The sucrose content is calculated from the difference between the glucose concentration before and after enzymatic inversion.

Maltose is the main component of beer wort or wort extract.

Maltose and sucrose are cleaved by the enzyme α-glucosidase (maltase) at pH 6.6 into two molecules of D-glucose and D-fructose, respectively:

\(\text{Maltose}+H_2O \hspace{0.8em} \xrightarrow{α–glucosidase} \hspace{0.8em} {2 \hspace{0.2em} \text{D–glucose}}\)

\(\text{Sucrose}+H_2O \hspace{0.8em} \xrightarrow{α–glucosidase} \hspace{0.8em} {\text{D–glucose}+\text{D–fructose}}\)

The D-glucose formed is phosphorylated by the enzyme hexokinase (HK) and adenosine 5'-triphosphate (ATP) to glucose 6-phosphate (G-6-P):

\(\text{Glucose}+\text{ATP} \hspace{0.8em} \xrightarrow{HK} \hspace{0.8em} \text{G-6-P} \hspace{0.2em} + \hspace{0.2em} \text{ADP}\)

In the presence of the enzyme glucose-6-phosphate dehydrogenase (G6P-DH), G-6-P is oxidized from nicotinamide adenine dinucleotide phosphate (NADP) to gluconate-6-phosphate. Reduced nicotinamide adenine dinucleotide phosphate (NADPH) is formed:

\(\text{G-6-P} \hspace{0.2em} + \hspace{0.2em} \text{NADP}^+ \hspace{0.8em} \xrightarrow{G6P-DH} \hspace{0.8em} \text{gluconate-6-phosphate} \hspace{0.2em} + \hspace{0.2em} \text{NADP}^+ \hspace{0.2em} + \hspace{0.2em} \text{H}^+\)

The amount of NADPH formed during the reaction is equivalent to the amount of glucose. NADPH is measurand and is determined based on its absorbance at 334, 340 or 365 nm.

The enzyme α-glucosidase is group specific, i.e., the specificity is directed to the type of glycosidic bond.

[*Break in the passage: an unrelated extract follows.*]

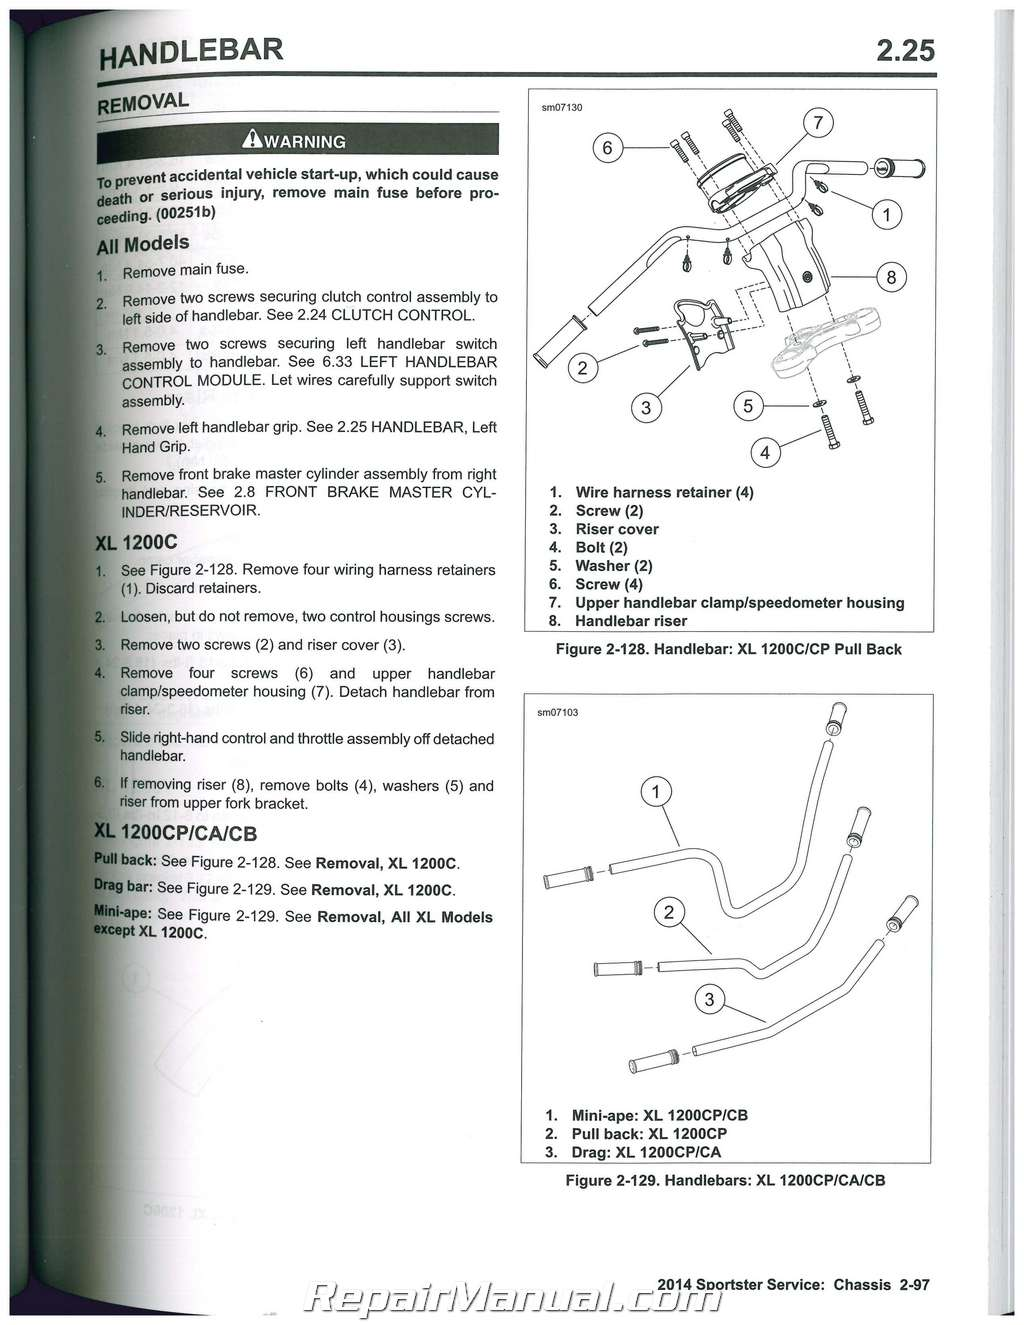 WRG-3427] Hand Controlls Harley Wiring Harness Diagram on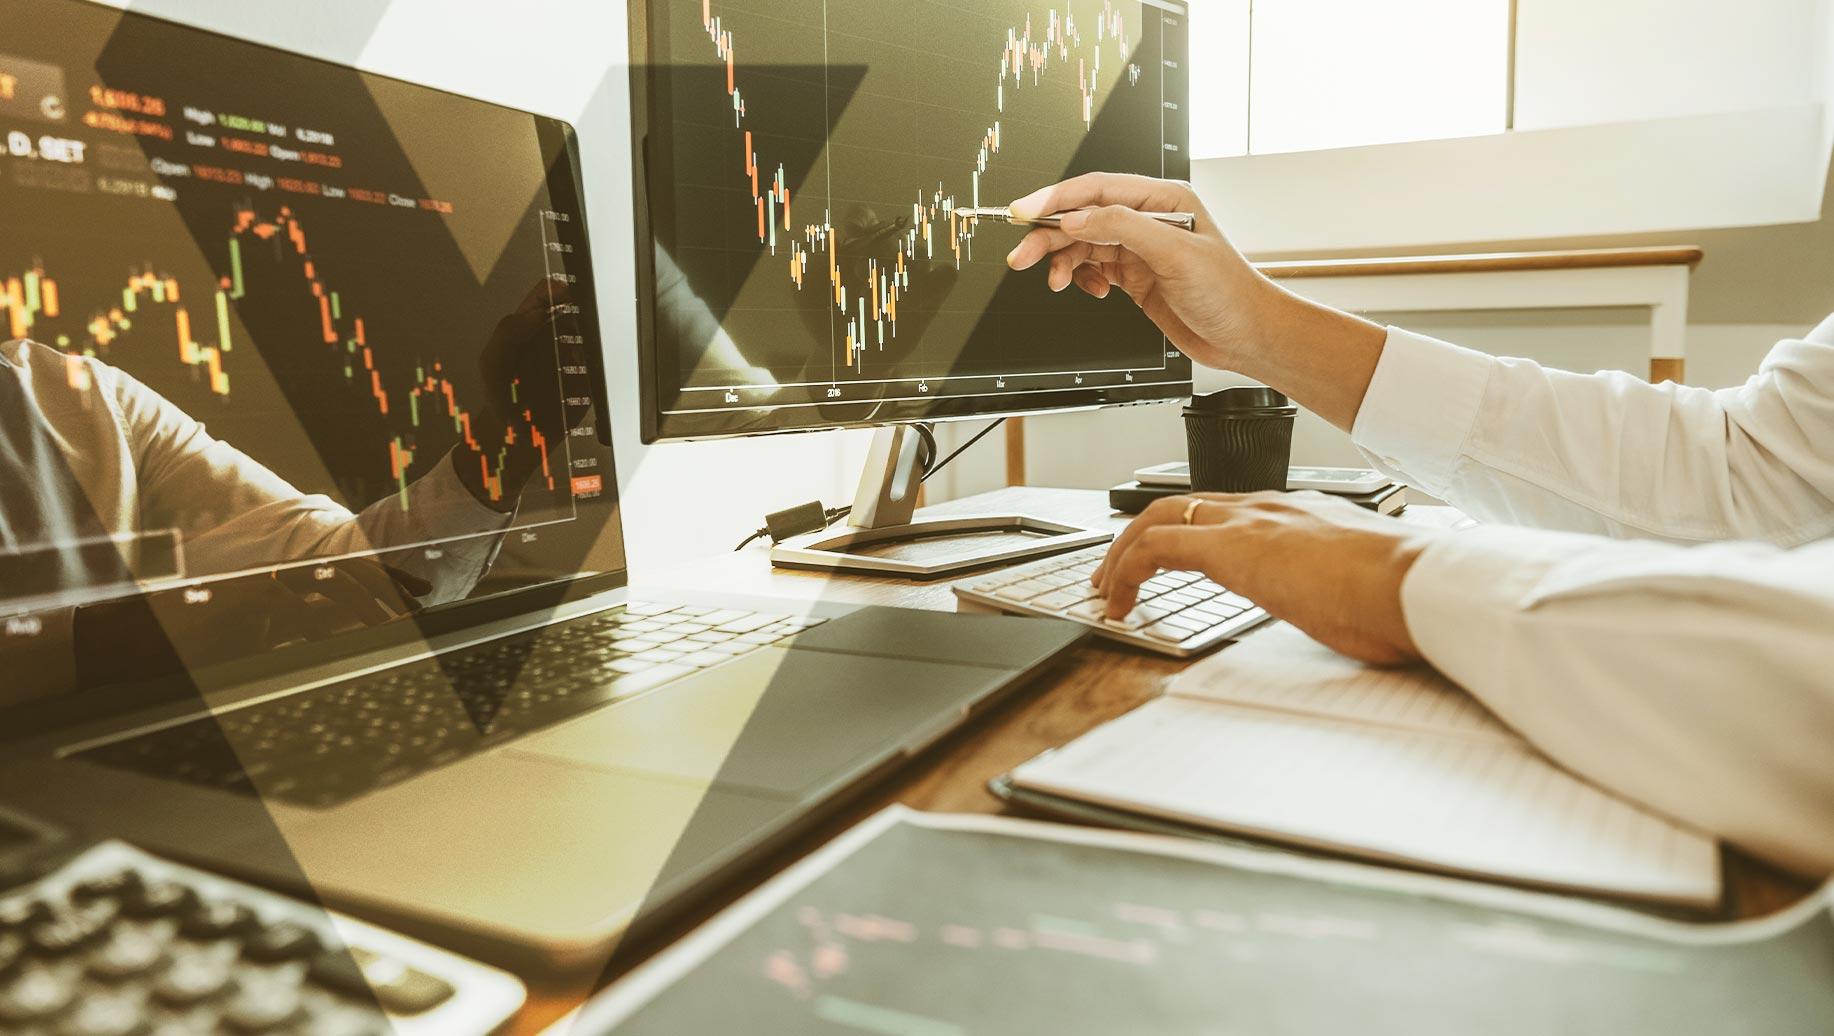 Valuation Of Securities Using Standard Valuation Methods

Only α-1,4 bonds, i.e., in addition to maltose, sucrose and maltotriose, but not maltotetraose, are cleaved under the given conditions. Therefore, the sucrose content must be taken into account in the maltose calculation (the maltose approach records the glucose formed from maltose and sucrose and the free glucose, the sucrose approach records the glucose formed from sucrose and the free glucose).